Bradshaw Michael J, Cho Tracey A, Chow Felicia C
Partners Multiple Sclerosis Center, Brigham and Women's Hospital and Massachusetts General Hospital, 60 Fenwood Road, 4th floor, Boston, MA 02115, USA.
Department of Neurology, Massachusetts General Hospital, 55 Fruit Street, Boston, MA 02114, USA.
Rheum Dis Clin North Am. 2017 Nov;43(4):607-619. doi: 10.1016/j.rdc.2017.06.009. Epub 2017 Aug 23.

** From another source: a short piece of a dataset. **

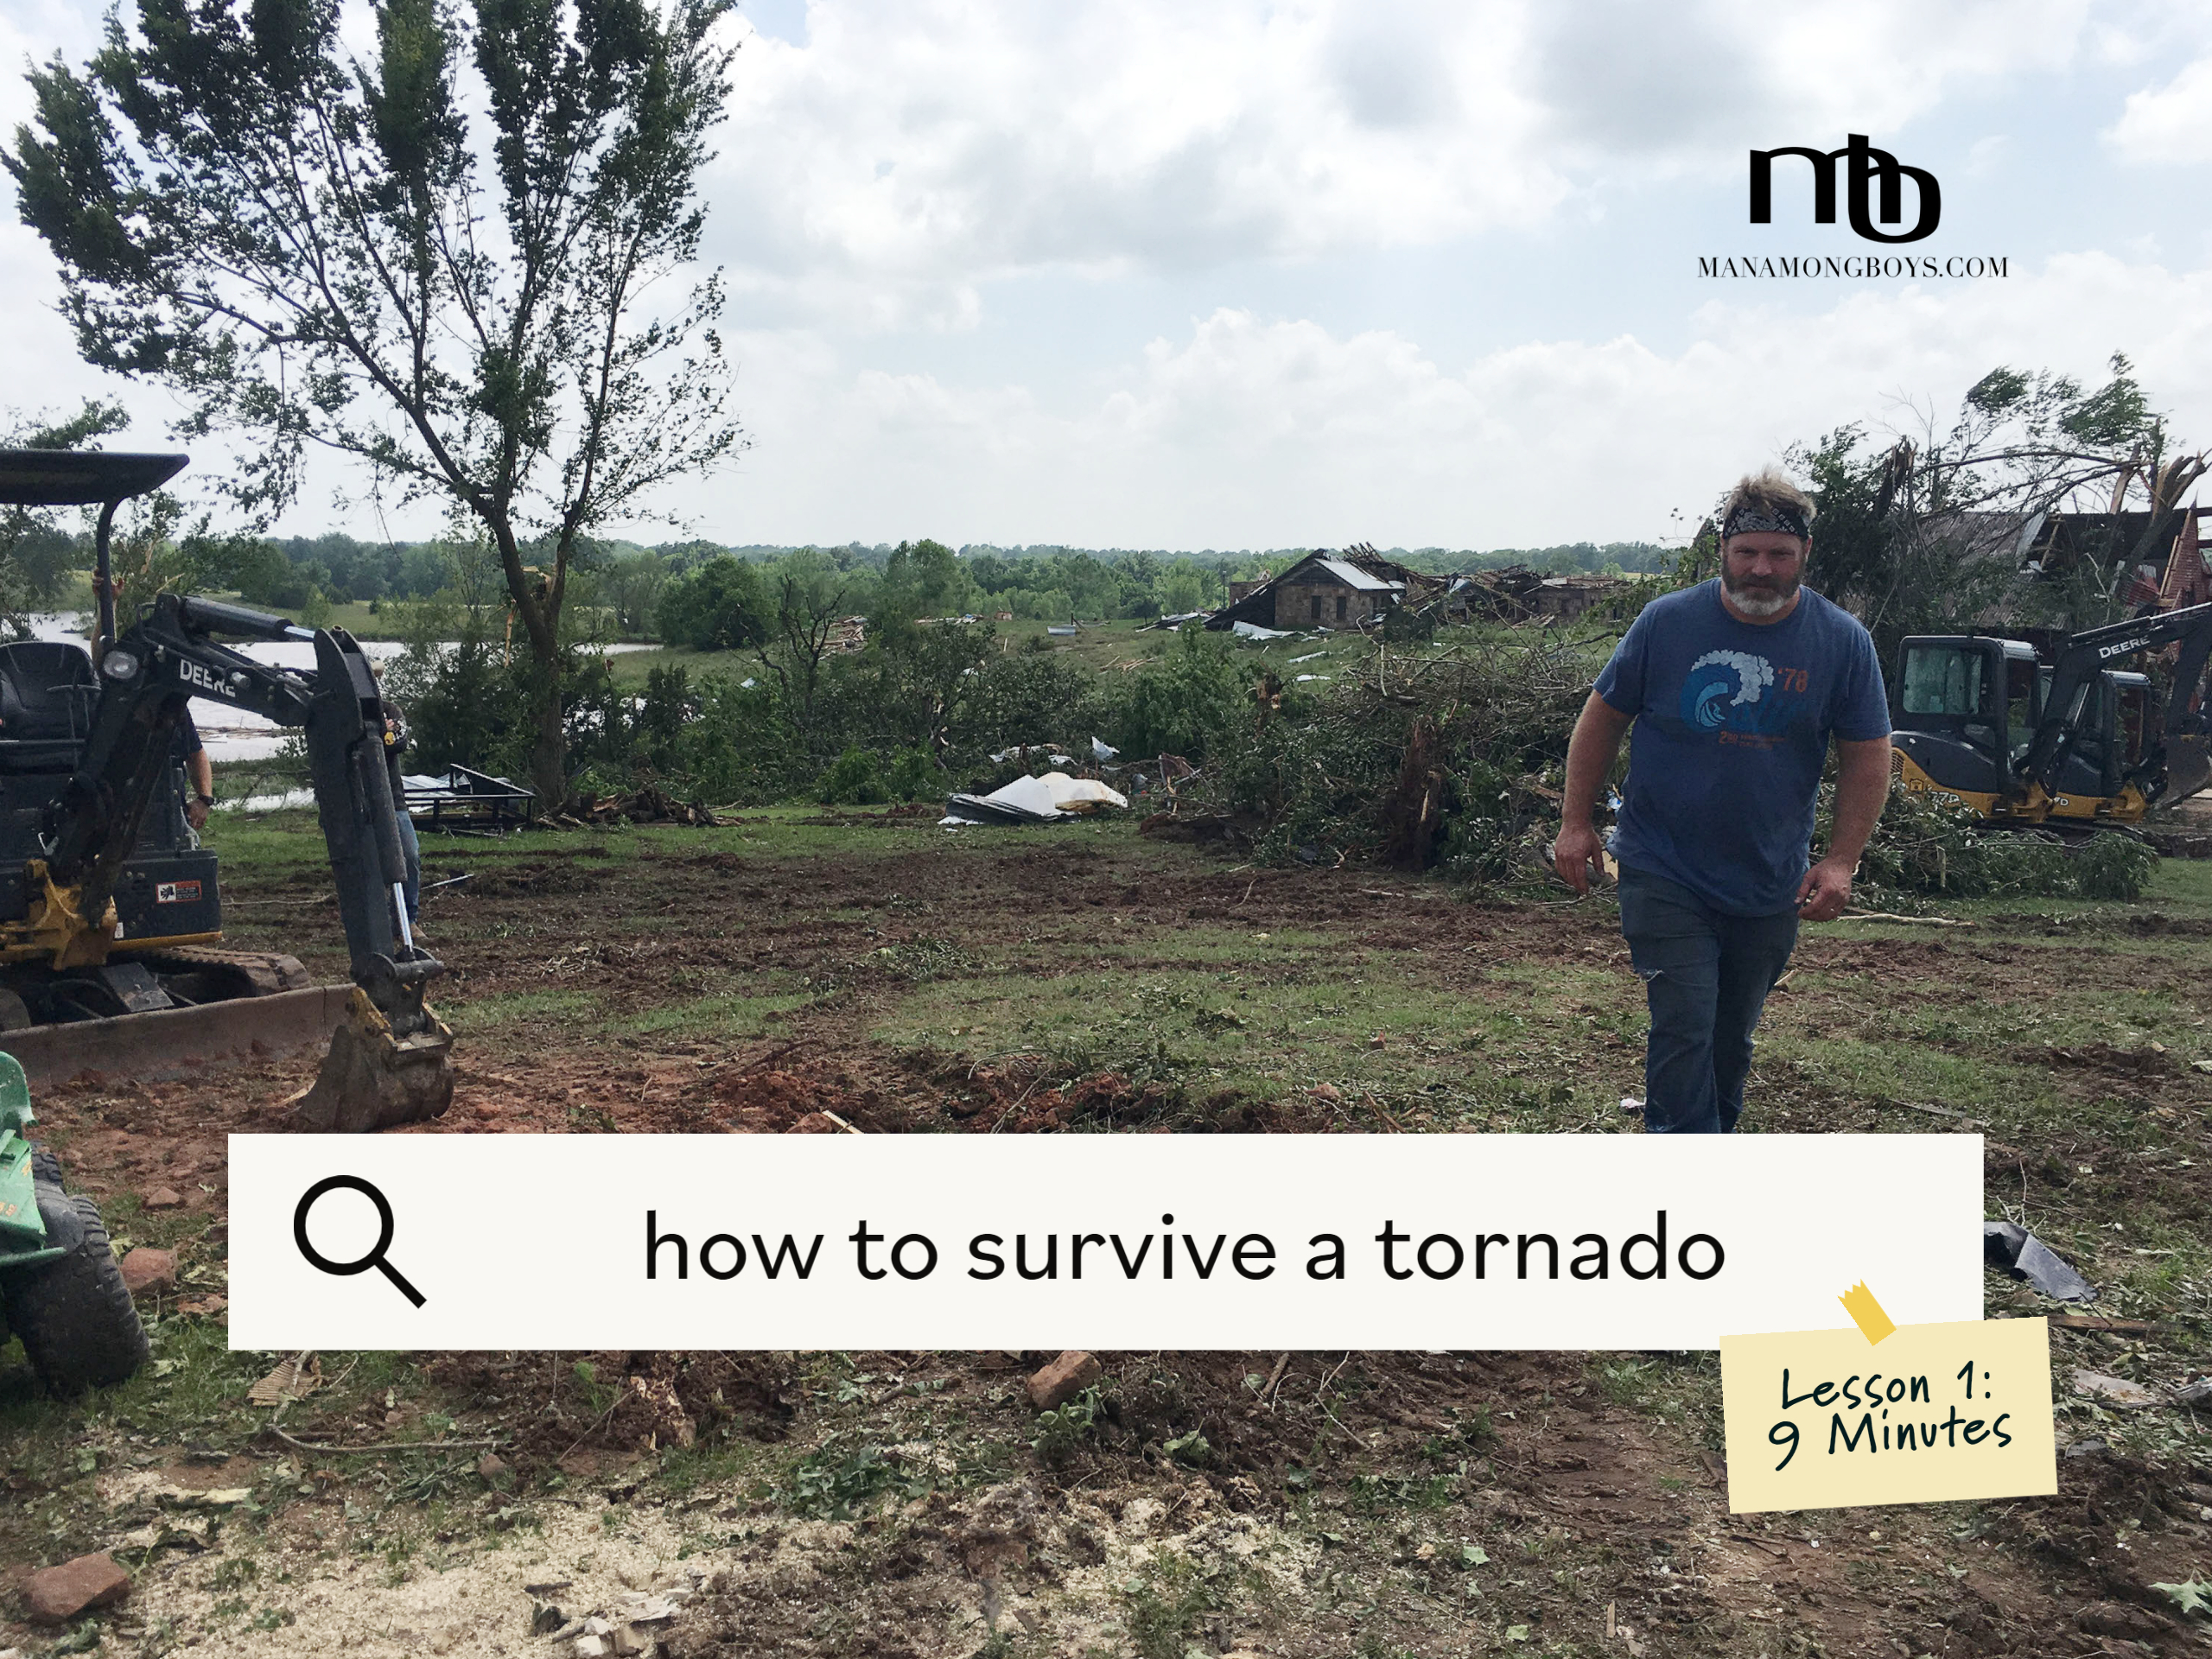 How to Survive a Tornado – Lesson 1

Patients on immunosuppressive therapy for rheumatic diseases are at increased risk of infection. Although infections of the central nervous system (CNS) are less common compared with other sites, patients on broadly immunosuppressive and biologic immunomodulatory agents may be susceptible to more severe, disseminated forms of infection, including of the CNS. Certain key principles regarding infection risk apply across immunosuppressive therapies, including increased risk with higher doses and longer duration of therapy and with combination therapy. Providers should be aware of the CNS infection risk related to immunosuppressant use to help guide best practices for screening and prophylaxis.
接受风湿性疾病免疫抑制治疗的患者感染风险增加。虽然与其他部位相比,中枢神经系统(CNS)感染不太常见,但接受广泛免疫抑制和生物免疫调节药物治疗的患者可能易患更严重的播散性感染,包括中枢神经系统感染。关于感染风险的某些关键原则适用于各种免疫抑制治疗,包括治疗剂量越高、疗程越长以及联合治疗时感染风险增加。医疗服务提供者应了解与免疫抑制剂使用相关的中枢神经系统感染风险,以帮助指导筛查和预防的最佳实践。